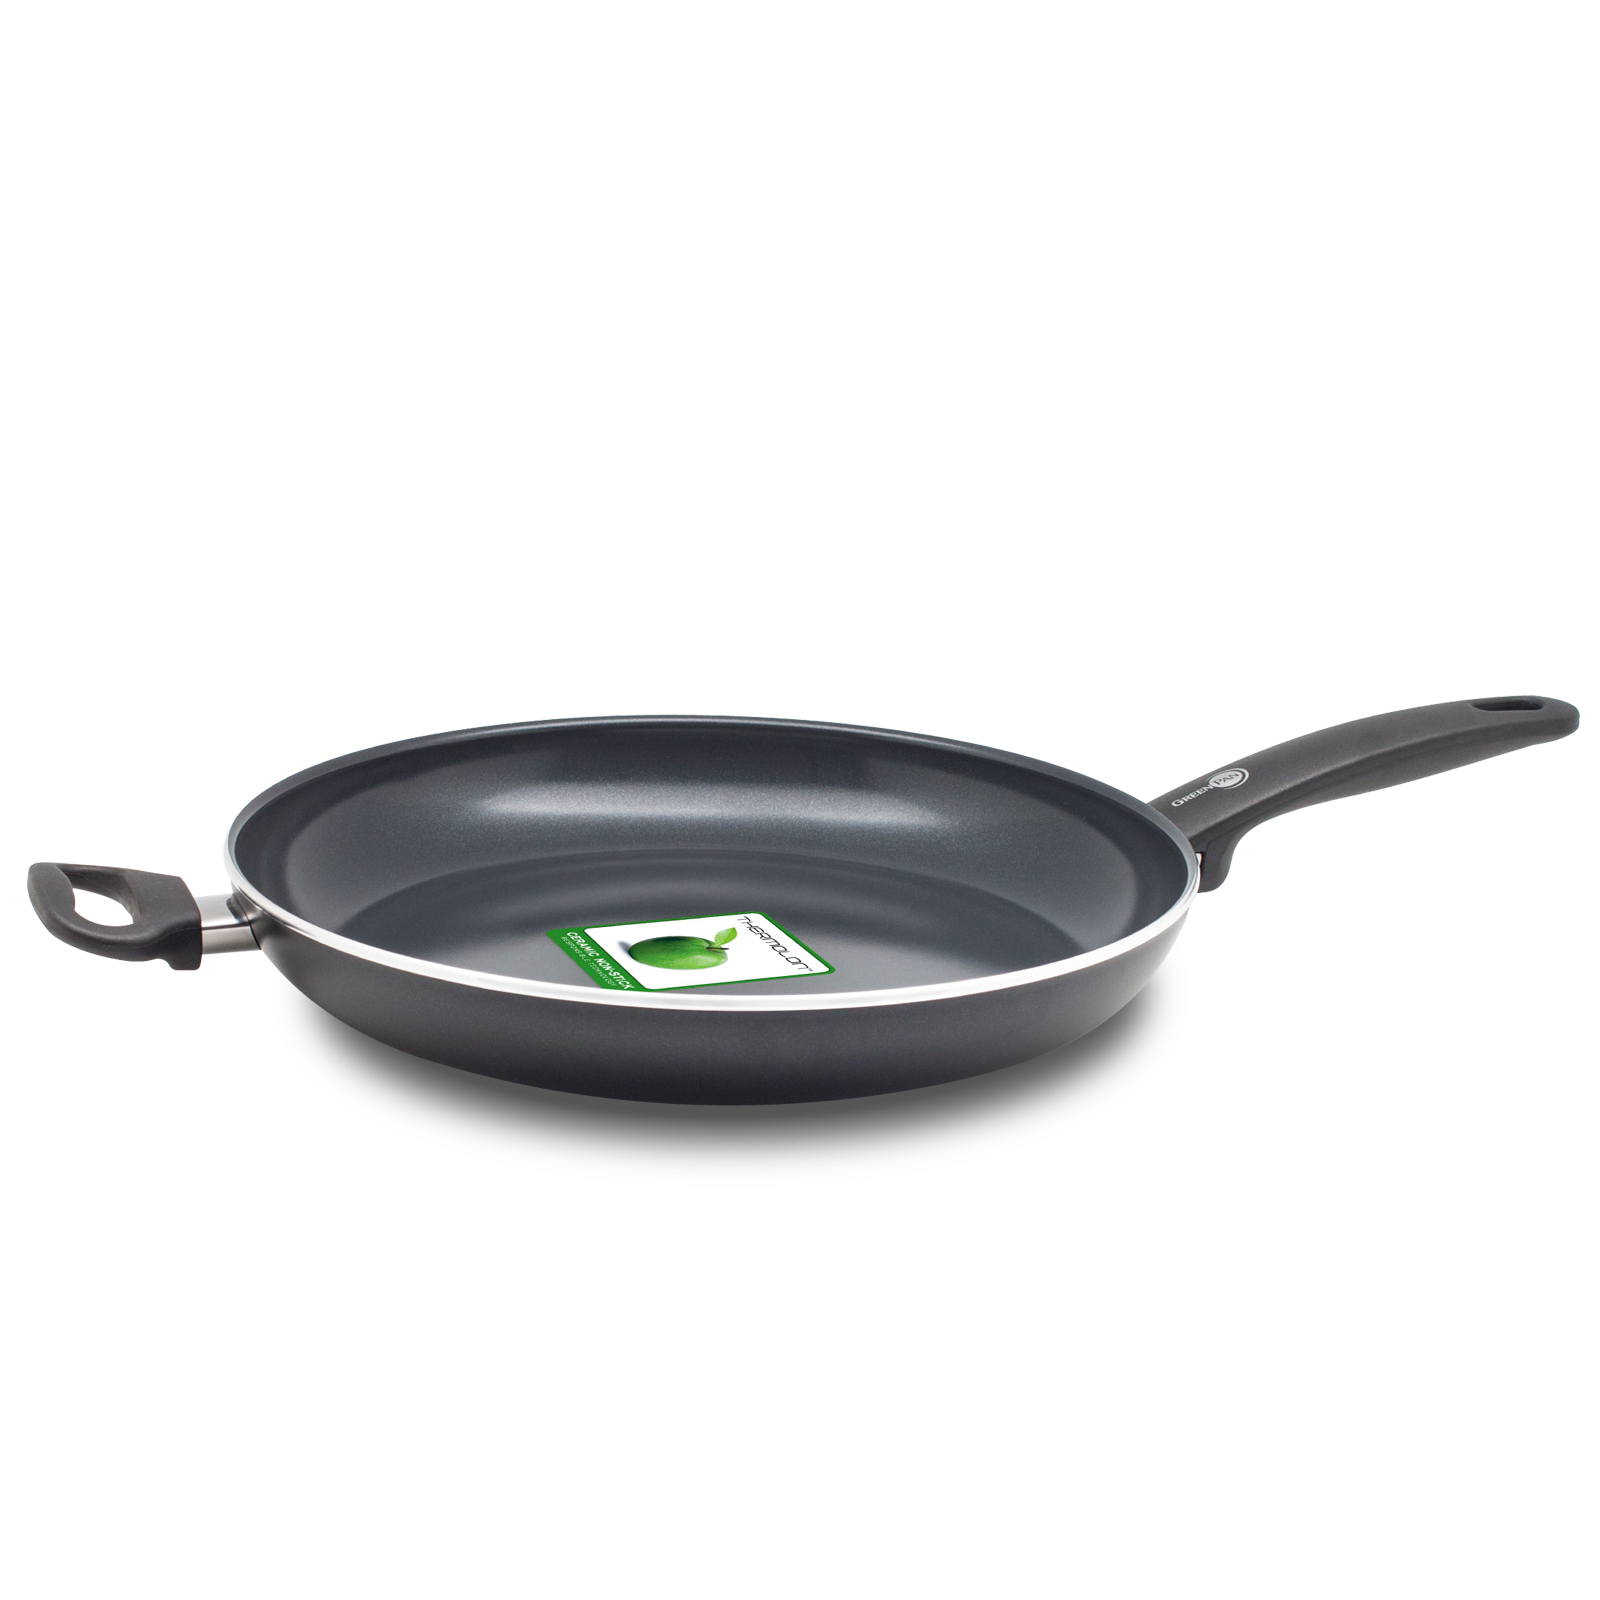 Cambridge Frying Pan with Helper Handle from Greenpan
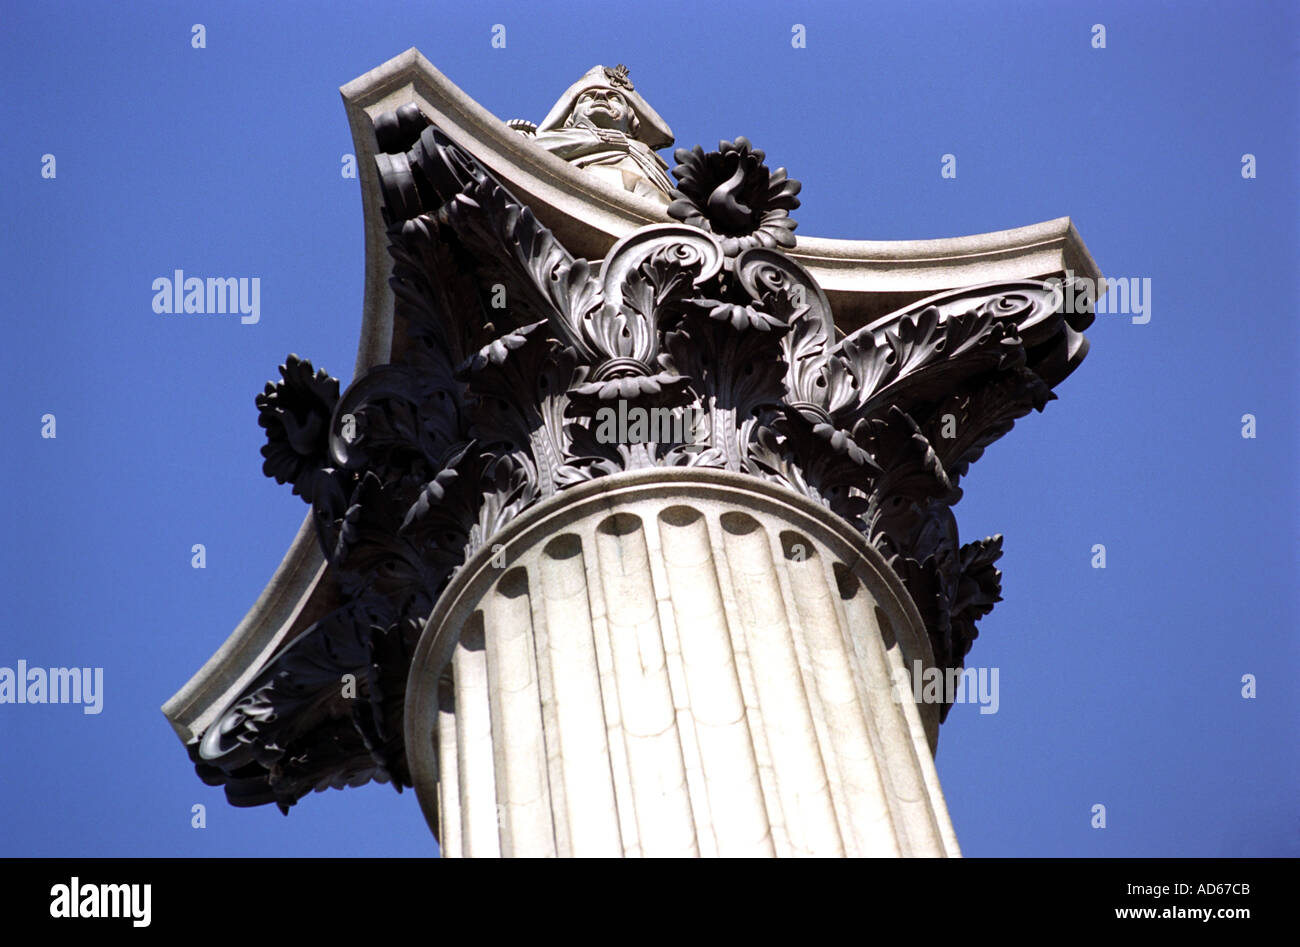 Nelson's Column in Trafalgar Square London Britain UK Stock Photo
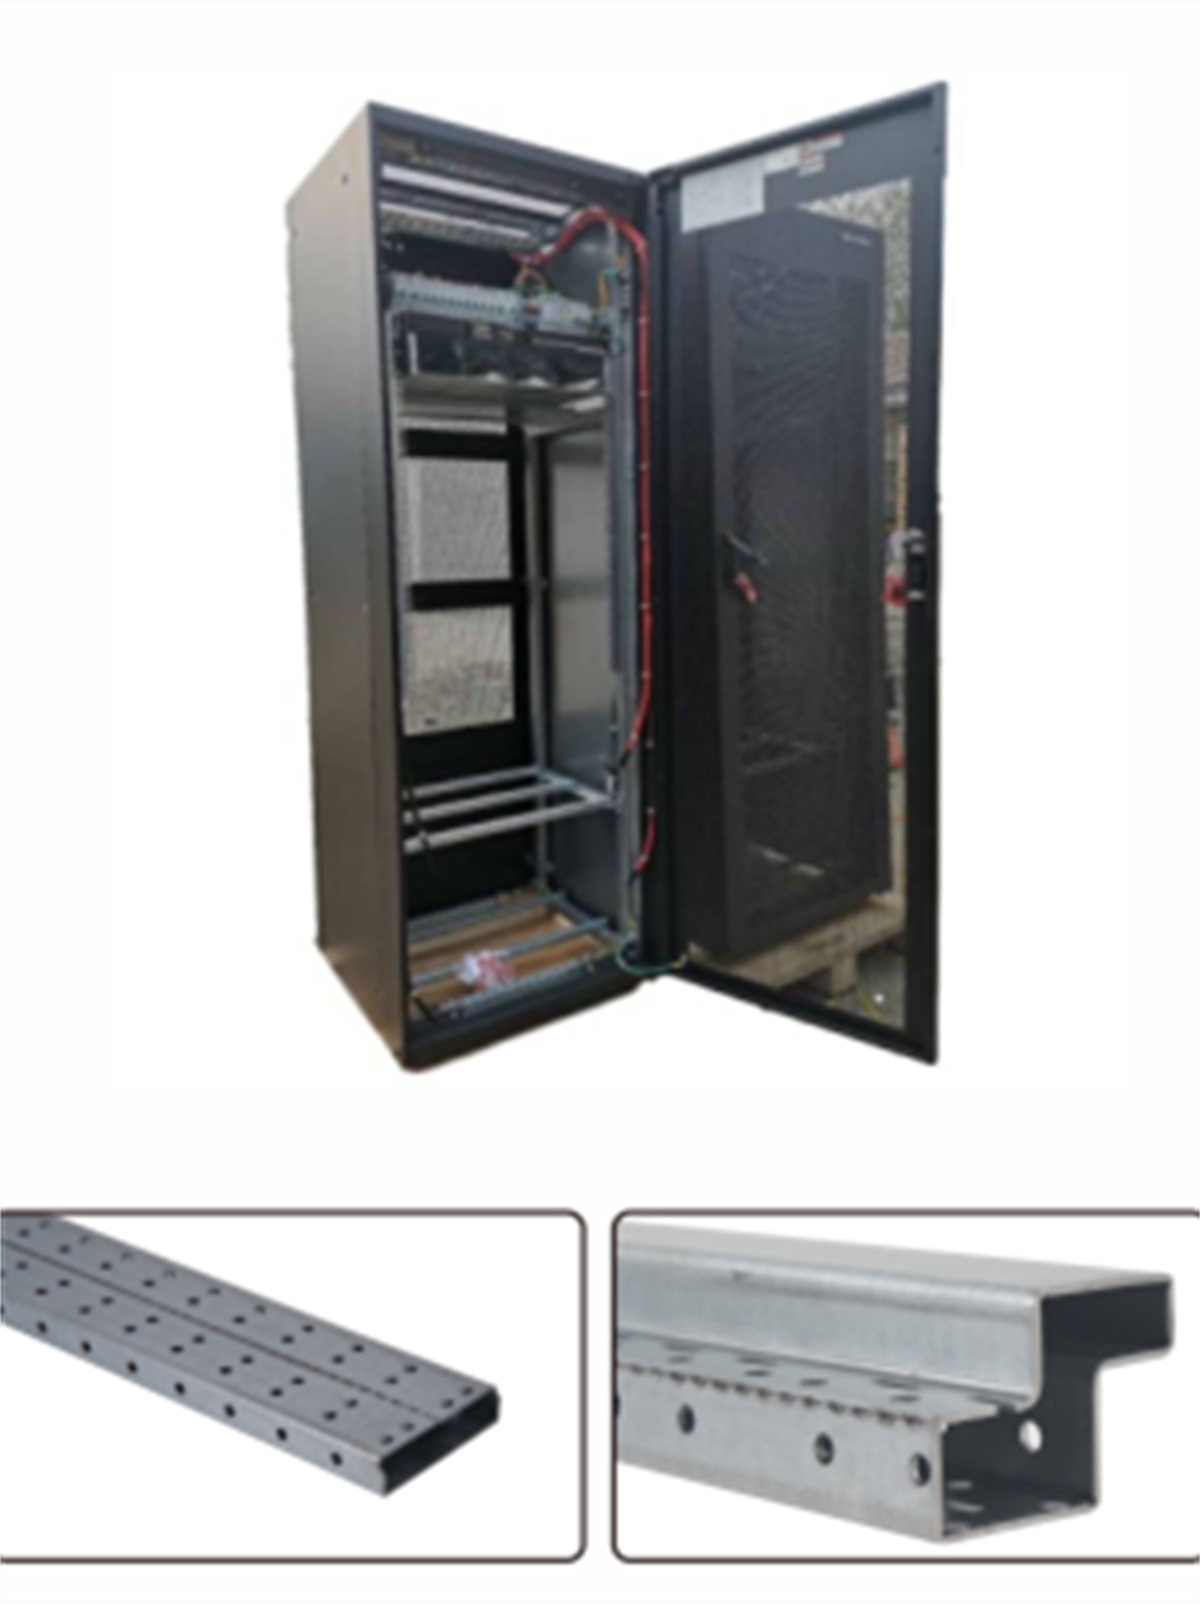 HUAWEI (server cabinet beam & upright)

**What to work on**
Drop the pictures and set down the data above exactly.

**Written response**
 Cambridge Frying Pan with Helper Handle from Greenpan
 Nelson's Column in Trafalgar Square London Britain UK Stock Photo
 HUAWEI (server cabinet beam & upright)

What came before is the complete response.